Cancers Linked to Obesity


Many studies have demonstrated that specific types of cancer have been linked to obesity. These types of cancer include[1]:

  1. Breast Cancer
    The risk of postmenopausal breast cancer has been shown to rise in women who are obese. When the ovaries stop producing estrogen after menopause, the most important source of this hormone becomes fat tissues. These higher levels of estrogen can potentially lead to more rapid growth of estrogen-responsive breast tumors.

  2. Endometrial Cancer
    Although we do not know why obesity has been linked to cancer in the lining of the uterus, obese and overweight women are two to four times more likely to develop endometrial cancer, regardless of whether they are pre- or postmenopausal.

  3. Colorectal Cancer
    Higher BMI and increased waist circumference in men have been associated with colorectal cancer. It is not certain why, though there seems to be a link with being obese in the abdominal area. This connection can also be seen in obese women, though it is weaker.

  4. Kidney Cancer
    The most common form of kidney cancer is renal cancer, which has been consistently associated with obesity, both in men and women. The specific mechanism, however, is not understood.

  5. Esophageal Cancer
    Overweight and obese people are almost twice as likely as people of healthy weight to develop a cancer of the esophagus called esophageal adenocarcinoma.
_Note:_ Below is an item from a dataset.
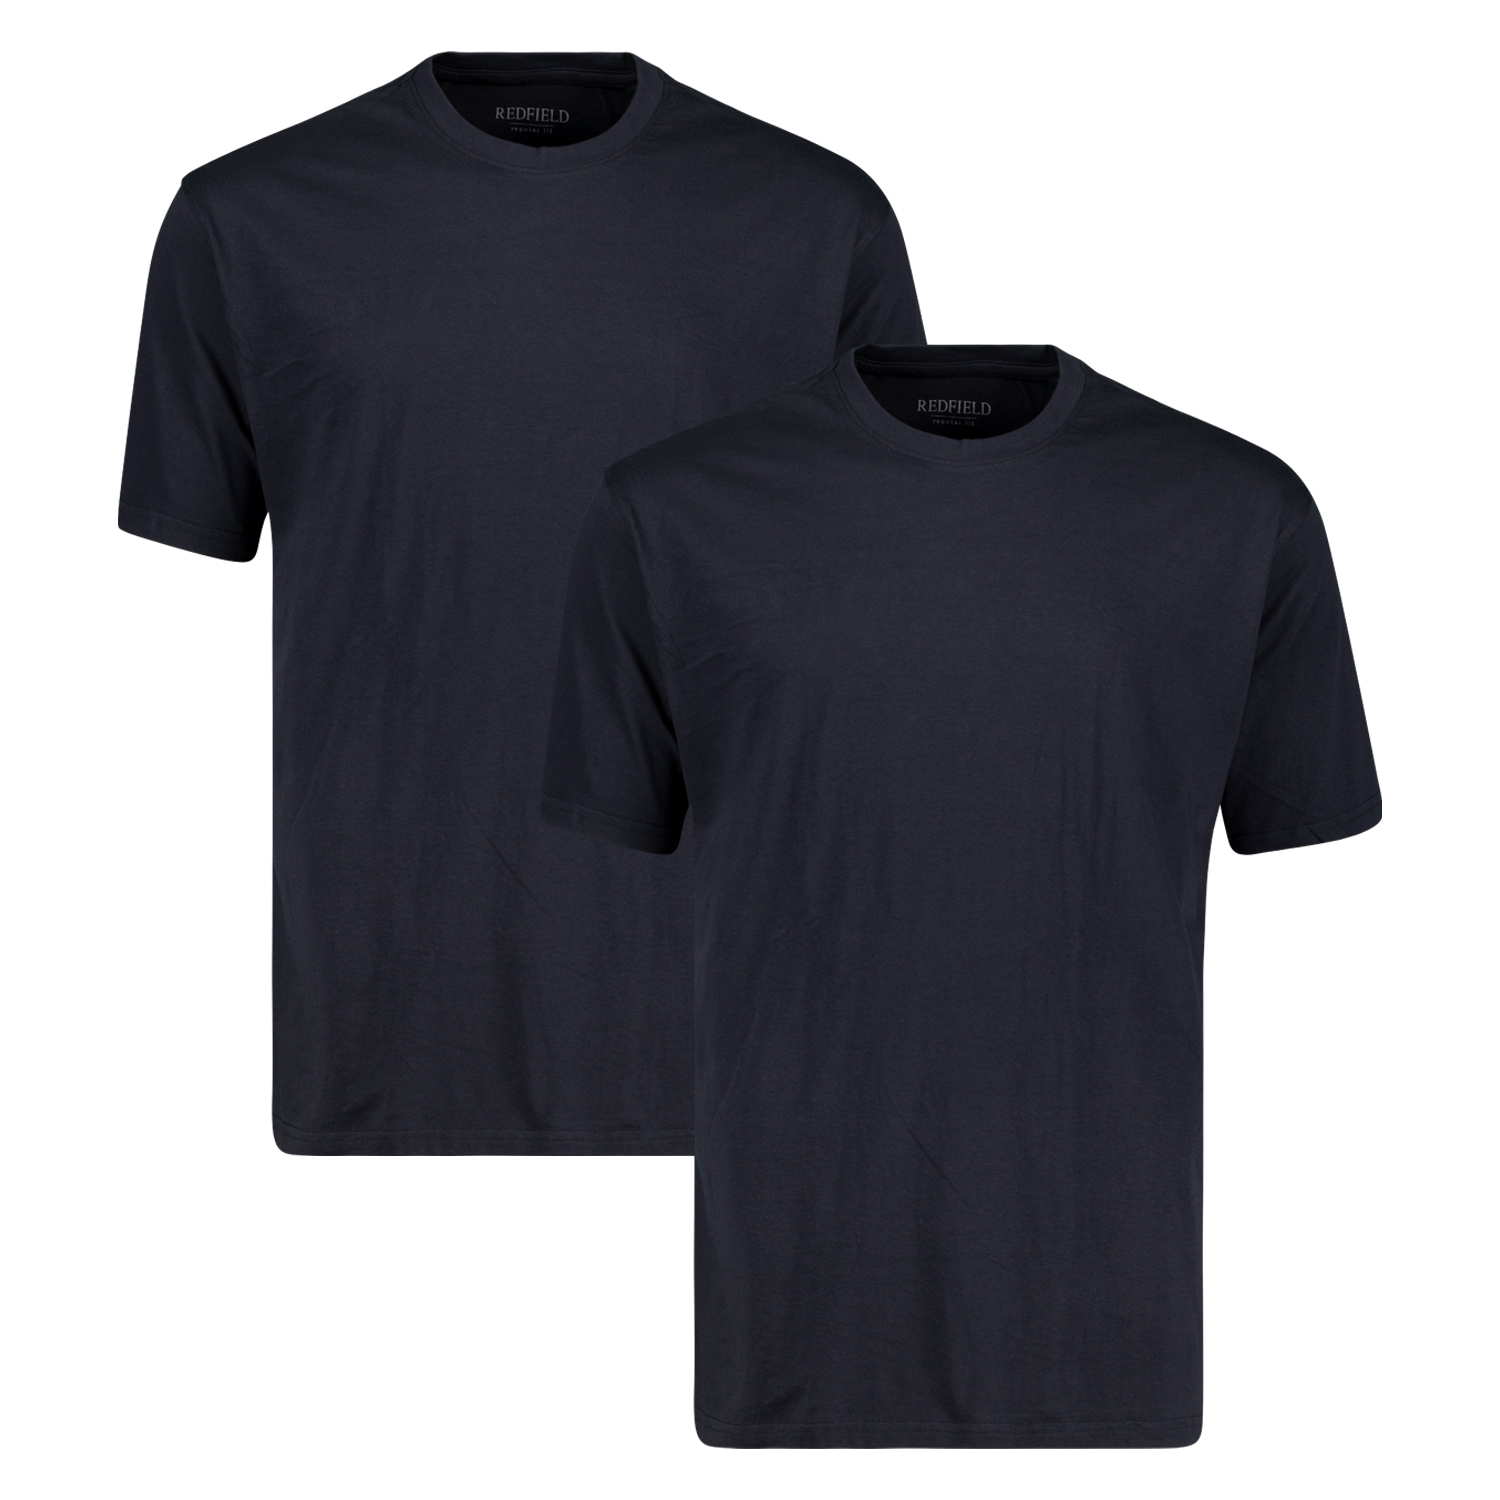 Twin-pack dark blue t-shirt by Redfield in oversizes up to 10XL

The mechanisms are not well-understood; however, an increased risk of this type of cancer has been associated with gastroesophageal reflux disease or Barrett’s esophagus, which is more common in obese people.

  6. Pancreatic Cancer
    A slight increase in risk of pancreatic cancer has been linked to obesity.

  7. Thyroid Cancer
    Excess weight has been shown to have an association with thyroid cancer, though it is not clear why.

  8. Gallbladder Cancer
    Though the reasons are not known, there is a correspondence between a rise in BMI and a rise in the risk of gallbladder cancer.

  9. Other Cancers
    Though the studies are not conclusive, possible links have been shown between obesity and prostate cancer, ovarian cancer, and liver cancer.

[1] “Obesity and Cancer Risk,” National Cancer Institute,, accessed July 7, 2016.